As compared to banks, securities firms were far more cyclical but often more highly leveraged. Their safety and soundness were not regulated. Their managers were much more highly compensated, but the successful firms rigorously controlled their total expenses. Competitive advantage was seen as depending on trading strategies and skills and on creativity in securities issuance.

Over the years of separation, there were two areas of serious competition between banks and securities firms. One was financing of corporations and government entities, and the other was wealth management for rich individual clients. In both of these, banks lost major market share for decades. A lesson appeared to be that the securities firms were smarter, more nimble, and able to offer superior incentives that attracted better management.

Because commercial banking was a very much larger industry than securities, a reasonable expectation in 1999 was that the banks would buy at least the major securities firms, allegedly in order to offer full-spectrum services to individual and entity clients. Synergy would be profitable. And then, "so what?" since regulators would continue to protect banks against taking unsafe risks.

This view proved to be myopic. What has happened is that investment bankers have taken over leadership of banks, and made banks more like securities firms.

A recent example: Stuart Gulliver, the new chief of HSBC. In a recent Financial Times interview Gulliver recalled his first job at HSBC, in a trading room. (Outside the U.S., HSBC was not subject to Glass-Steagall.)

"You were accountable for your own actions and you had to be quick," which was why he liked the job, Gulliver said. He was a "brilliant" trader. Commercial bankers aren't at all like that.

One of Gulliver's first moves as chief executive was to cut back or eliminate growth in HSBC's flagship personal banking product, Premier. Too expensive to operate.

Damned right! How many more times does it need to be demonstrated that attracting wealthy people's banking business doesn't give you access to their investment business? But retail banking can be profitable — for instance, at Wells Fargo.

Gulliver said that if he hadn't been chosen as chief executive, he would have left and started a hedge fund. Vikram Pandit, Citigroup's chief executive, actually did start a hedge fund. He sold it to Citi, and it subsequently collapsed, causing a nine-figure writeoff.

Compare this with the background of Mike Geoghagen, Gulliver's predecessor, unceremoniously ousted. Geoghagen, like Gulliver, had been a consistently successful executive.

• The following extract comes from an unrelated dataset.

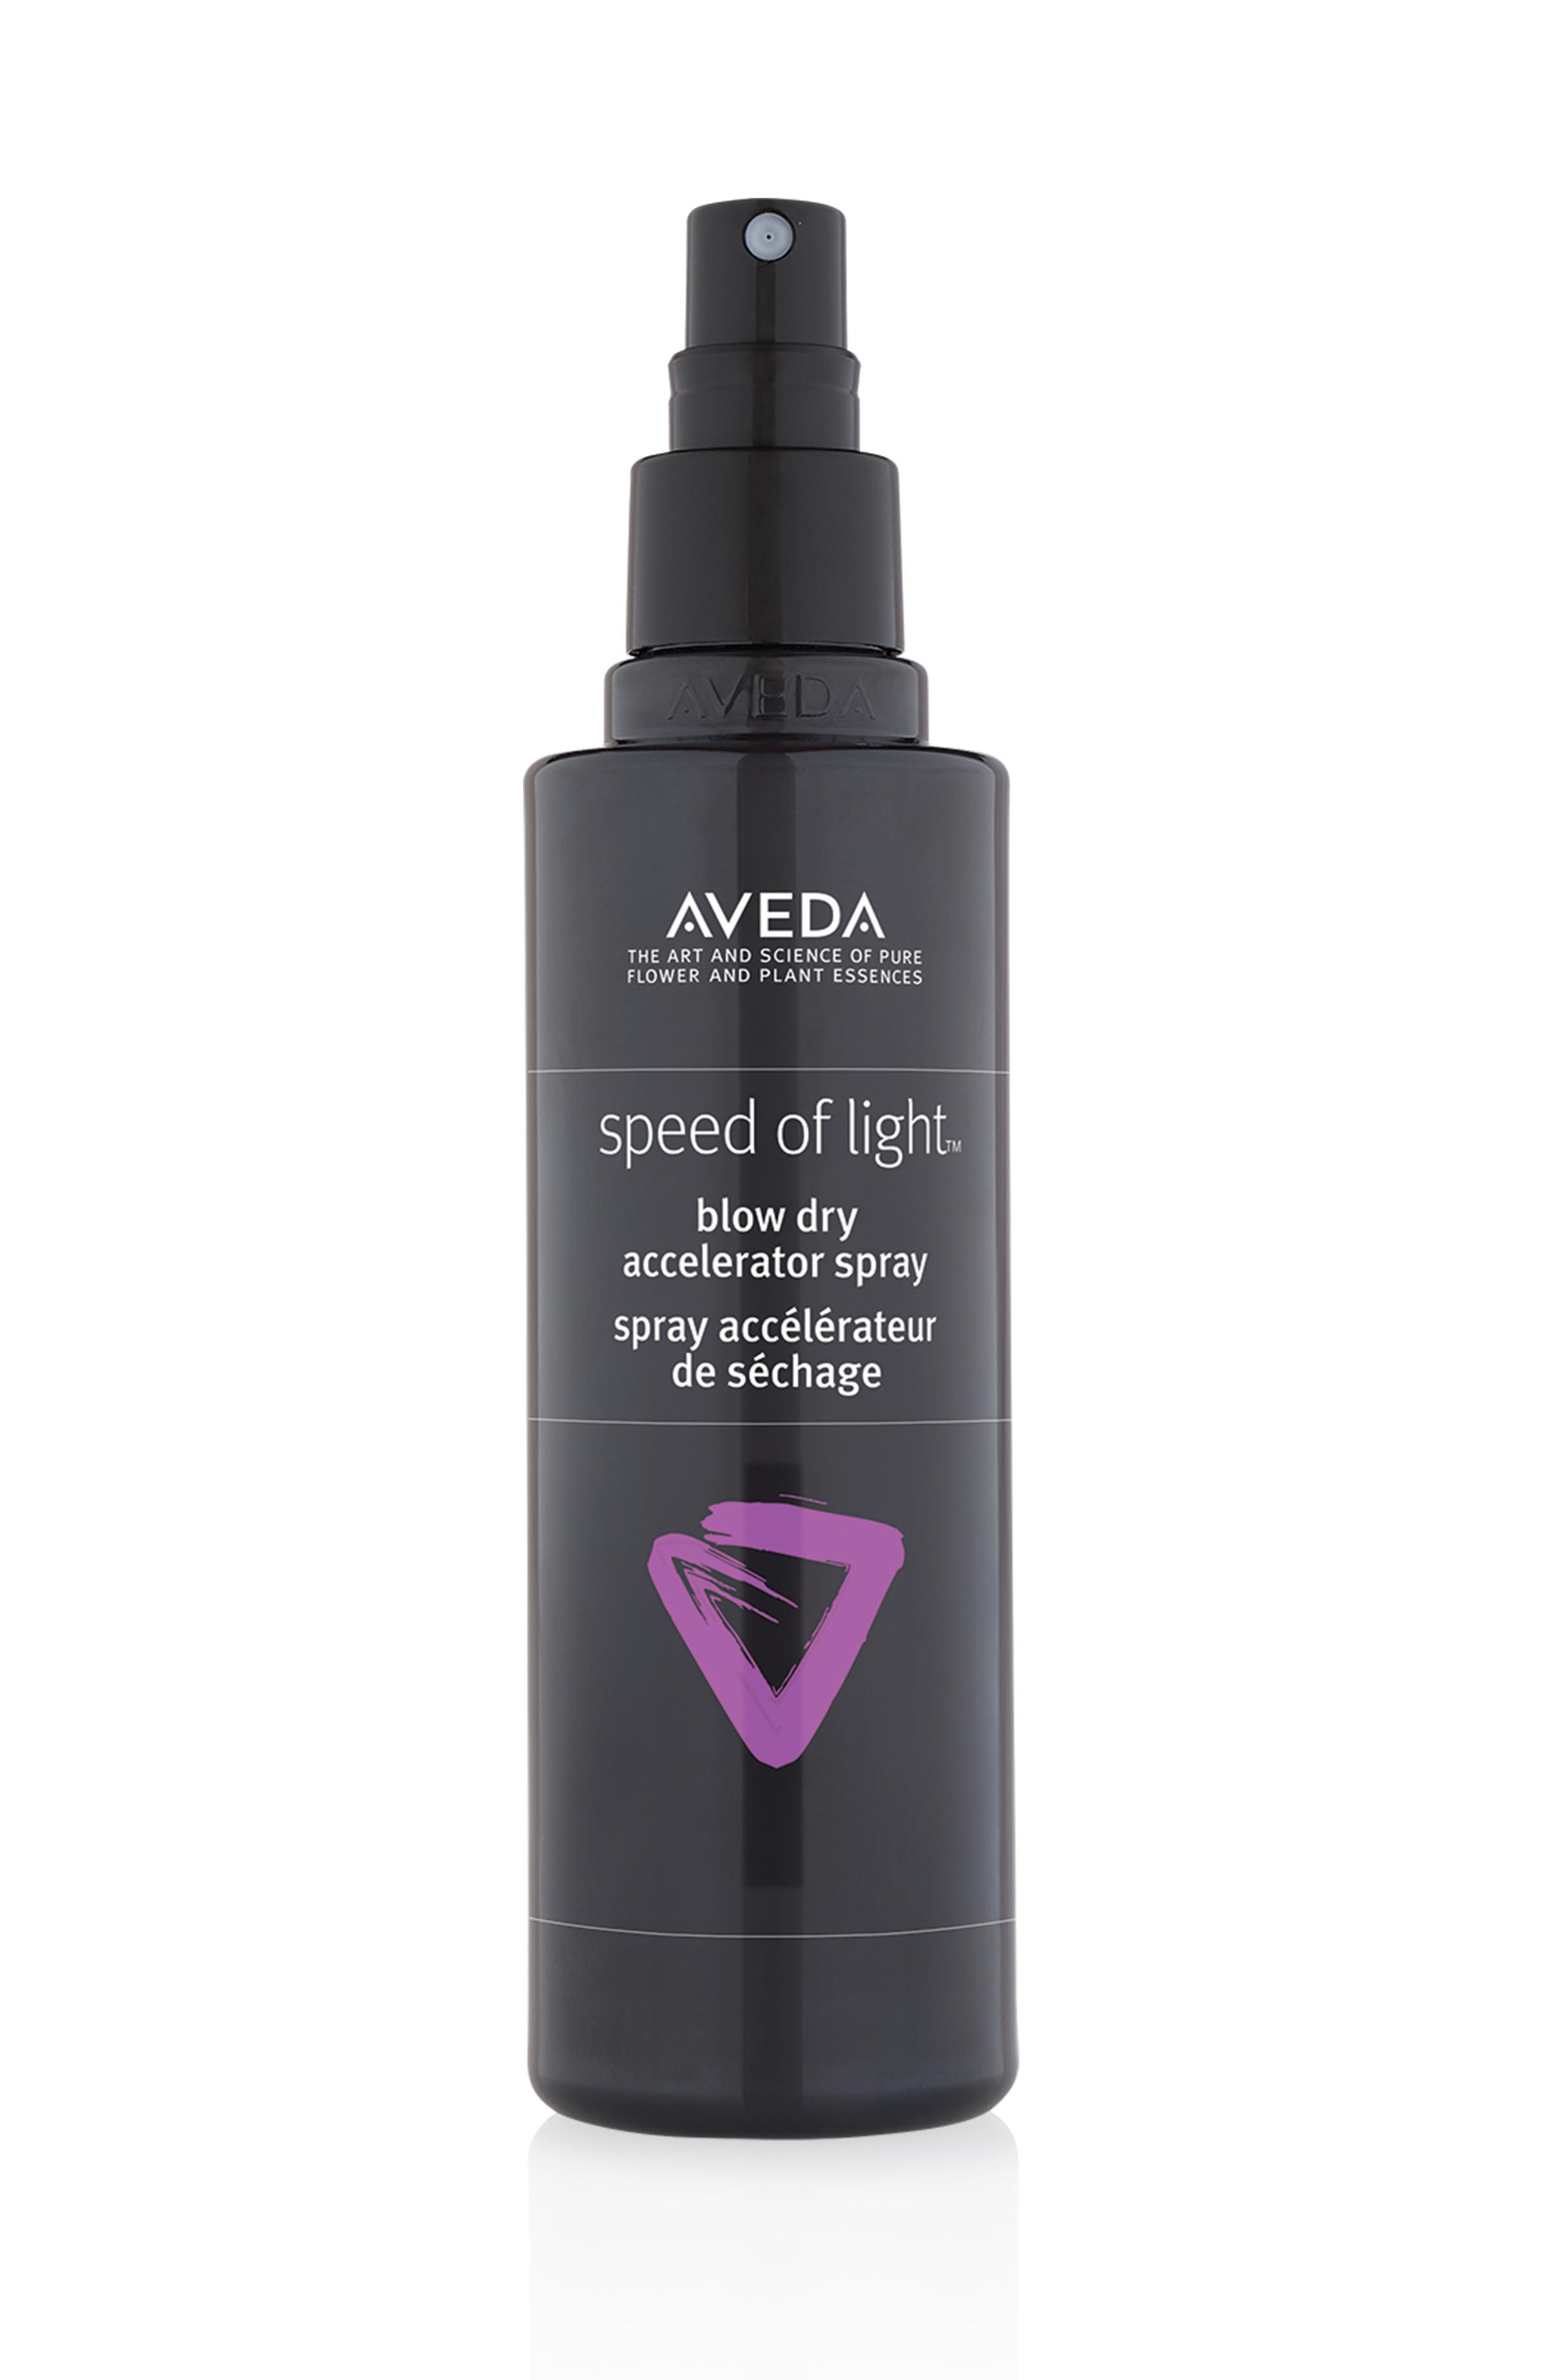 Aveda speed of light - spray pre-asciugatura 200 ml, Nero, large image number 0
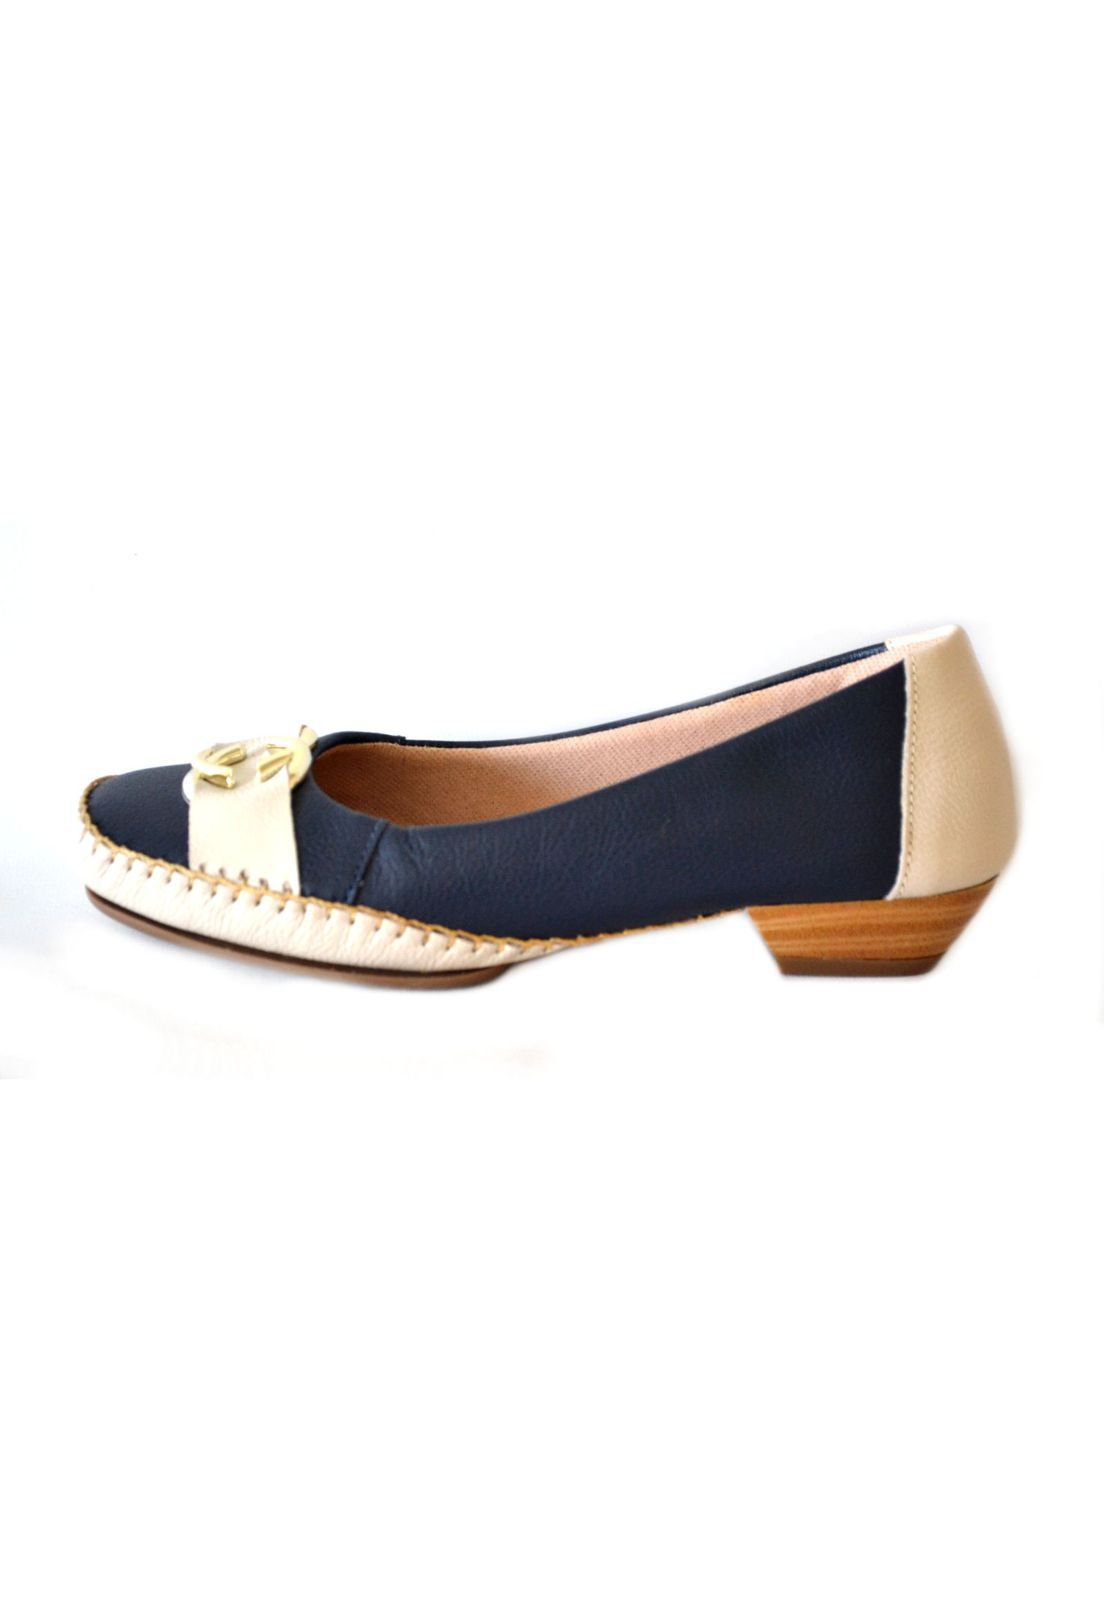 Sapato Feminino  Prata Couro Conforto 1009596 Marinho/Marfim

But his successes were in turning around and building HSBC's banking businesses on several continents, particularly in South America. It's hard to imagine that he ever held a job in a trading room, or would run a hedge fund.

Wells Fargo is an exception. John Stumpf, the new chief executive there, worked his way up in retail banking, and was most recently executive vice president of community banking. Wells is seen as the national leader in relationship retail banking. For instance, it seldom issues credit cards to people who aren't already customers. One of Stumpf's predecessors would meet with each of his new branch managers and tell him: "Your branch is the bank."

But my predictions that the systemically important institutions will come increasingly to be led by people with a securities orientation. These banks will intensify their focus on trading and securities issuance, with less emphasis on primary account relationships. Compensation will continue its inexorable rapid rise. More mortgage securities. More creativity with instruments such as auction-rate bonds. More exposure to the risks that brought down Merrill, Bear and Lehman.

Will all of this be good for the deposit insurance funds, the banking system and the economy?

Andrew Kahr is a principal in Credit Builders LLC, a financial product testing and development company. He was the founding chief executive of Providian Corp. and can be reached at akahr@creditbuilders.us.com.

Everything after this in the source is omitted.